00:50 Wesley Reisz: Hello and welcome to the InfoQ podcast. My name is Wes Reisz, I'm the co-host of the podcast and chair of QCon San Francisco. Today on the podcast. I'm speaking with Yan Cui. Yan will be talking about Serverless. Specifically, we'll be talking about things like the difference between orchestration choreography when it comes to Serverless. We'll talk a bit about distributed tracing in the context of Serverless applications. And then we'll talk about this new approach that Amazon offers with mounting larger files from EFS to be able to deal with kind of large file sets.
01:22 Wesley Reisz: Yan Cui is an AWS Serverless hero. He has worked with AWS technology since 2009. Today, he's an independent consultant. He has been in roles that are around architecture, lead developer, and he's an advocate in the industries ranging from banking to mobile games. He blogs at theburningmonk.com and you can find his talks on Serverless all over the web.
01:43 Wesley Reisz: Yan, welcome to the show.
01:44 Yan Cui: Hey, thanks for having me.
01:45 Can you tell me the difference between Choreography and Orchestration?
01:45 Wesley Reisz: So this podcast goes back from a blog post that I read on you that's up right now, at least, that's around choreography versus orchestration. So I wanted to just dive in and talk about this when it relates to Serverless. So I guess let's just start off the very beginning. When we talk about Serverless and we talk about choreography, what does that mean?
02:08 Yan Cui: Yeah. So I guess when I'm building applications using Serverless technologies, personally, I'm thinking in terms of building microservices, in terms of thinking about boundary context, in terms of thinking about how different microservices communicate to each other, and choreography and orchestration are the two ways that microservices typically communicate with each other. So when you're talking about choreography, this is whereby you are probably talking about, you've been doing architectures whereby services don't talk to each other directly.

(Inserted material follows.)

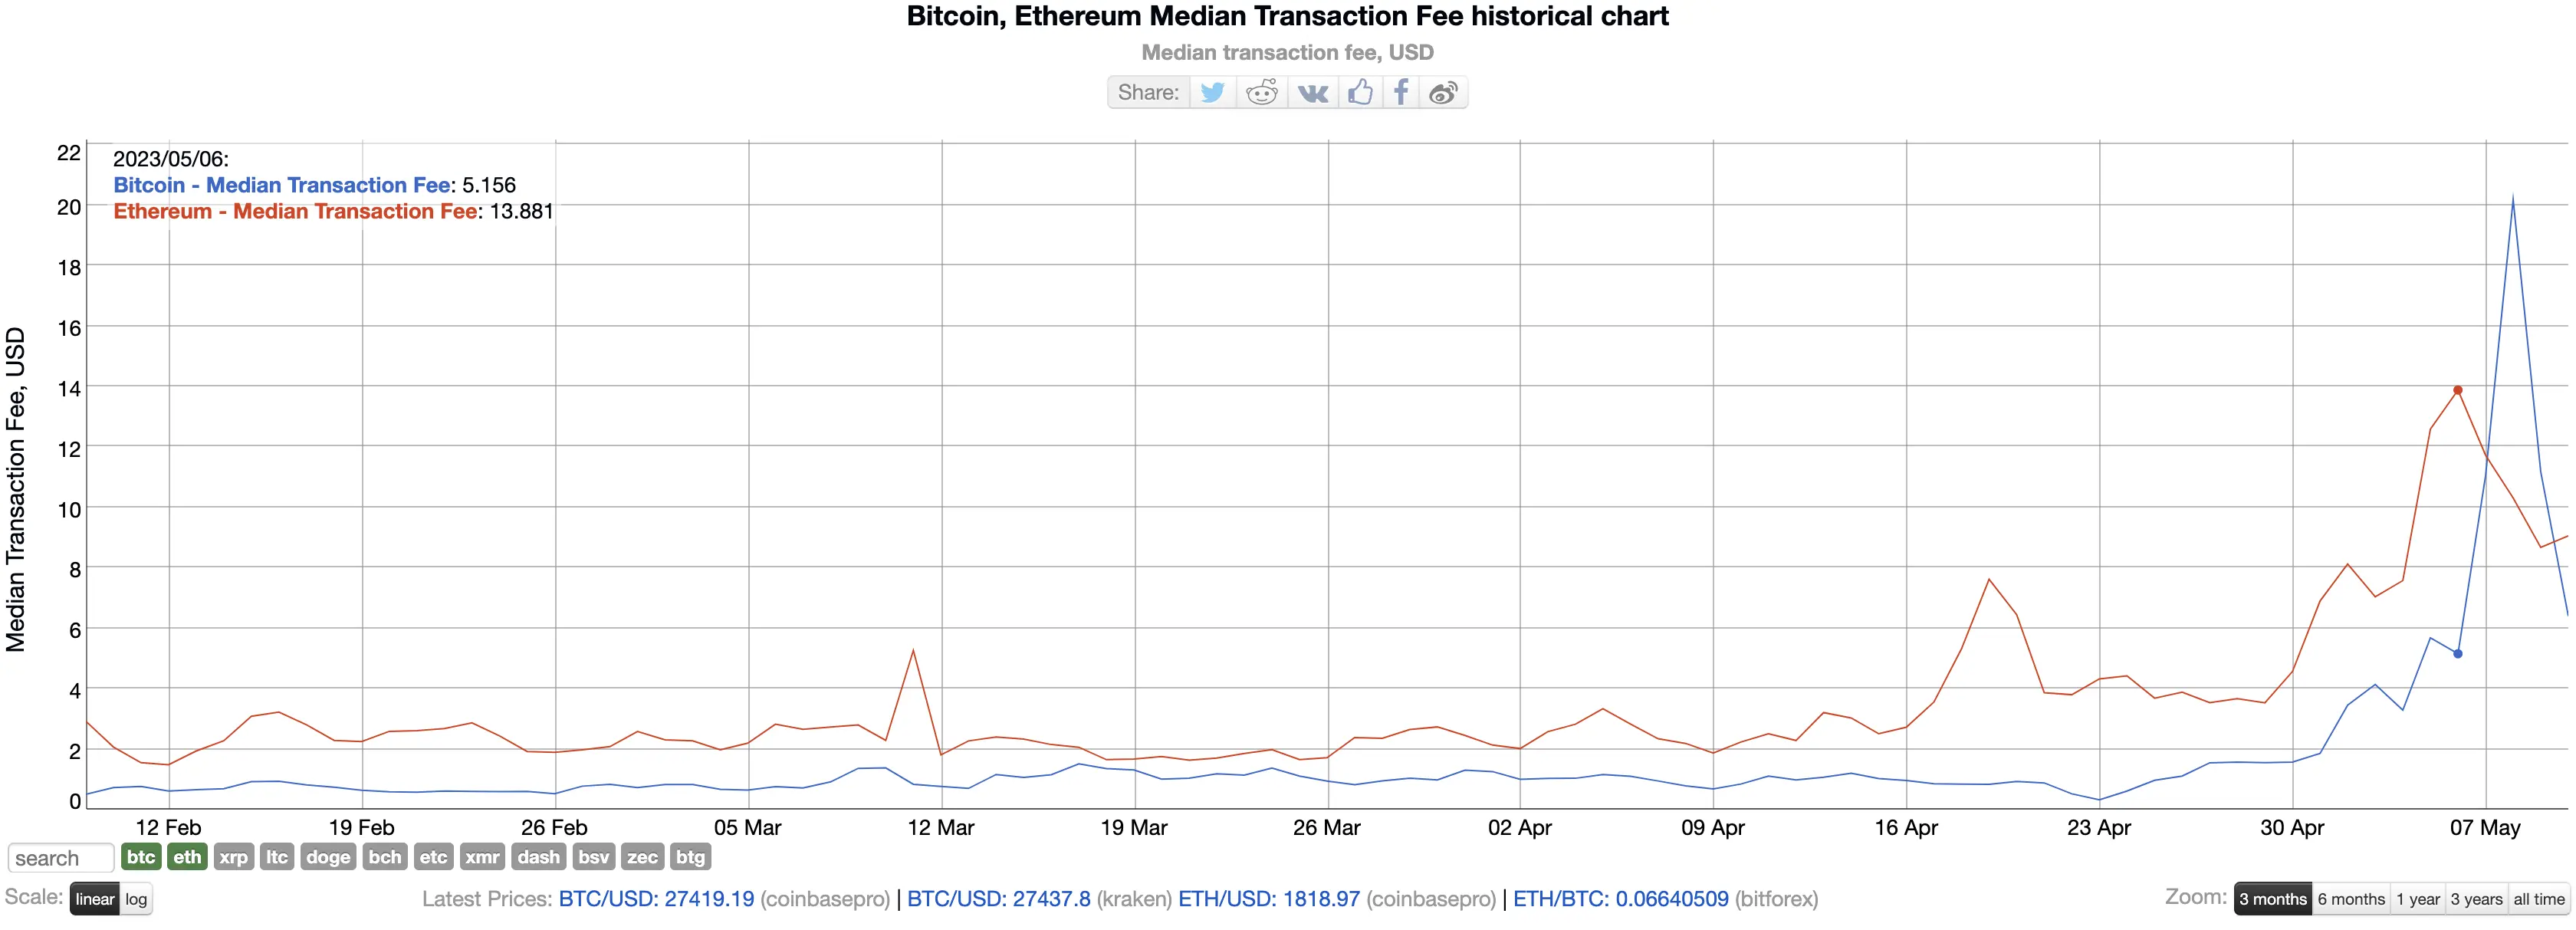 comparison between btc and eth median fee charts

02:42 Yan Cui: What is the traditional request response model whereby receiving an event. I do my thing, and then I publish an event when I make some state change. And then that's it. I'm just doing my part. I know what my events are. I know what I should do when those events happen. And I know what events I should admit when I do something interesting and everybody just do that. And then you get the system behaving a certain way based on how all the different components react to events and what they do and what events they emit. So this is a really nice way for you to build really decoupled, loosely coupled systems, using those different components that just look after its own bit. And then you have orchestration whereby you have essentially some kind of a controller component that says, okay, when something happens, when there's a request comes in, you do something first and then you do something else.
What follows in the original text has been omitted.